Deeper Into Folk
"You clearly missed the point of the folk festival," said a friend of mine on Facebook after I much-too-excitedly updated that I had, in fact, found wi-fi in Kerrville proper after two dusty days of sitting outside of the volunteer cabin on the festival grounds and siphoning internet that way (I asked first, of course).
I'm not that daft. I understand that a great appeal of this festival is both in a communal recollection of the past (think late sixties and early seventies - the Kerrville Folk Festival was founded in 1971) and a period of three-week amnesia regarding the way the outside world operates. "That's Kerrville!" I heard over and over during my two days, an explanation given to everything from memory loss to other things I can't remember right now. Campers and participants seemed comfortable and happy within the dusty belly of this early summer beast, and the general feel of the festival is largely as I remember it when I came for an evening in 1999 or thereabouts.
My first real experience with music at the festival took place at 5pm on my first day, when I visited Steve Gillette's "Texas & Tennessee" song circle. With gentle encouragement that sometimes digressed into not particularly pressing matters, Gillette encouraged a group of maybe five or so singers and guitarists as they strummed through recent compositions with which they were struggling. Some problems involved maybe a bridge that hadn't been worked out all the way or a stray line here and there that didn't sound right. A young folksinger from Dallas played one of her first compositions, which she said she had never gotten to sound finished enough to record. A woman (pictured, center) gave us a poem and an a capella composition called “Hunting Season.” I enjoyed the chorus: “Every night is hunting season/ When you're looking for the love of a man.” A friend of mine once made a ribald comment about a night at the bar being “an ol' fashioned dick hunt,” and I felt like the sentiments were united in theme if not presentation.
After that I caught the “New Folk in the Round” sundown concert at the Threadgill Theater. One thing that might surprise you about New Folk is that it sounds not terribly unlike the Old Folk. Featuring five songwriters whose ages looked to range from mid-thirties to mid-fifties, the evening progressed with each songwriter taking a turn at the microphone. Songs ranged from comical to intense to strange brews of both. I think the favored songwriter that night was Andy Gullahorn who mastered satire with a song that lampooned popular country music and a heavy-hitter called “That Guy” that tied in God's love, guitar theft and even a line about paying off student debt that managed to make me smile while it punched me in the gut – a lump in my throat welled up like I swallowed a peach whole.

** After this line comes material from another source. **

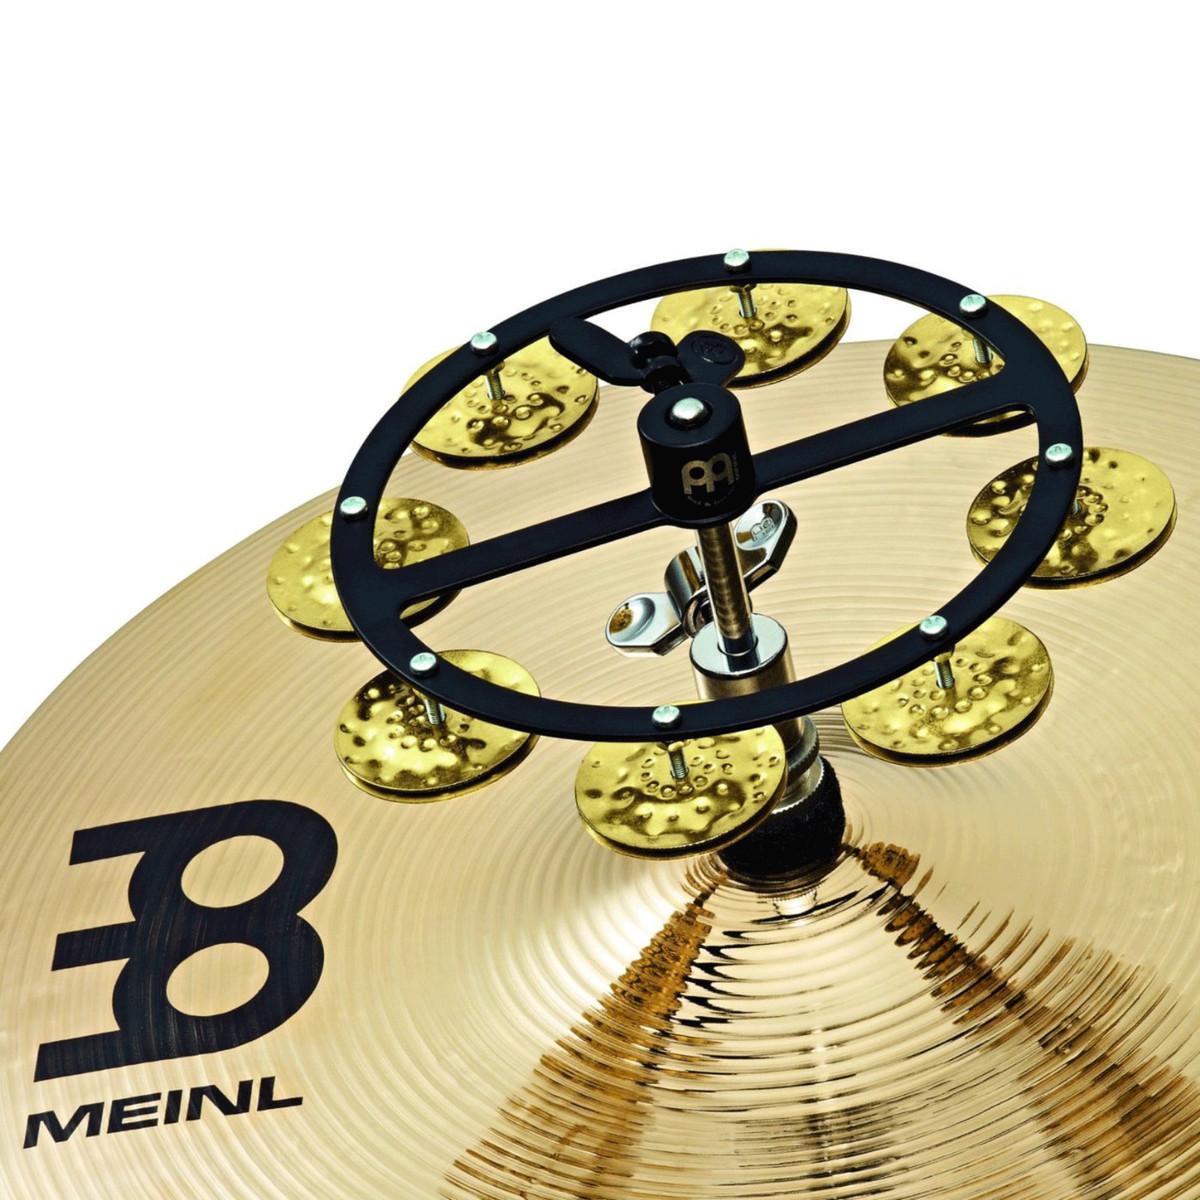 meinl headliner series hi hat tambourine 1 row brass jingles at. Black Bedroom Furniture Sets. Home Design Ideas

The evening was not without other emotional highs. When Kim Richardson performed a song about her last year and the “hard winter,” she welled up a bit, and the camaraderie on stage sometimes took flight, especially when the irrepressible Hans York led tasteful (and improvised) leads to Richardson or Gullahorn's songs, or when the latter and songwriter Jon Brooks joined voices for a tune. The only other singer I haven't included yet is Nathan Hamilton, and that's no knock on him, I just felt like his songs were a little more self-contained. He's from Austin – I'll have to make a note to try and hear more from him when I return.
The next night's concert benefited an orphanage in Haiti that was destroyed in the earthquake. The project was Houston-based, and the story of how a group of acoustic songwriters managed to provide aid directly to this charitable cause was inspiring. The resulting album is called Shoulder to the Stone, and a group of singers backed by various iterations of percussion, keys and other instruments took turns interpreting their songs from the album live. Jack Saunders seemed on stage most of the evening, adding guitar on top of songs from other singers and playing his own songs as well. As I noted at the Free Press Fest, it's interesting to think that Houston – as big as it is – has an insistent music scene as well, but I feel as though I experience it very rarely. It was nice to get a glimpse this evening.
Coda: it's hard not to notice that while the Folk Festival lets it freak flag fly, the rest of Kerrville is pretty straight, and lousy with cops besides. While I was buying a Shiner, a few people by the picnic tables were yelling something about a jail fun for an arrested friend. With marker scrawled on her chest that said something like “tits for cash,” a young woman was taking money for the bail-out fund. I gave her a dollar in lieu of just sticking it down her shirt.
I found her to be rather soft-spoken considering the hoopla she was making, but then again, only the squeaky wheel gets the cash for the tits. “They profile everyone out here,” she told me. Apparently her friend Darcy “with dreads and like a mohawk up to here” had stopped into a gas station and the proprietors called the cops. A possibly sketchy search of Darcy's car revealed a gram of mushrooms. Bail was set at 10,000 dollars, bond was 1,000, and they had almost raised half by the time I contributed my modest sum. I'm betting the clash of conservative and weird Texas is going to be a tantamount theme of my trip.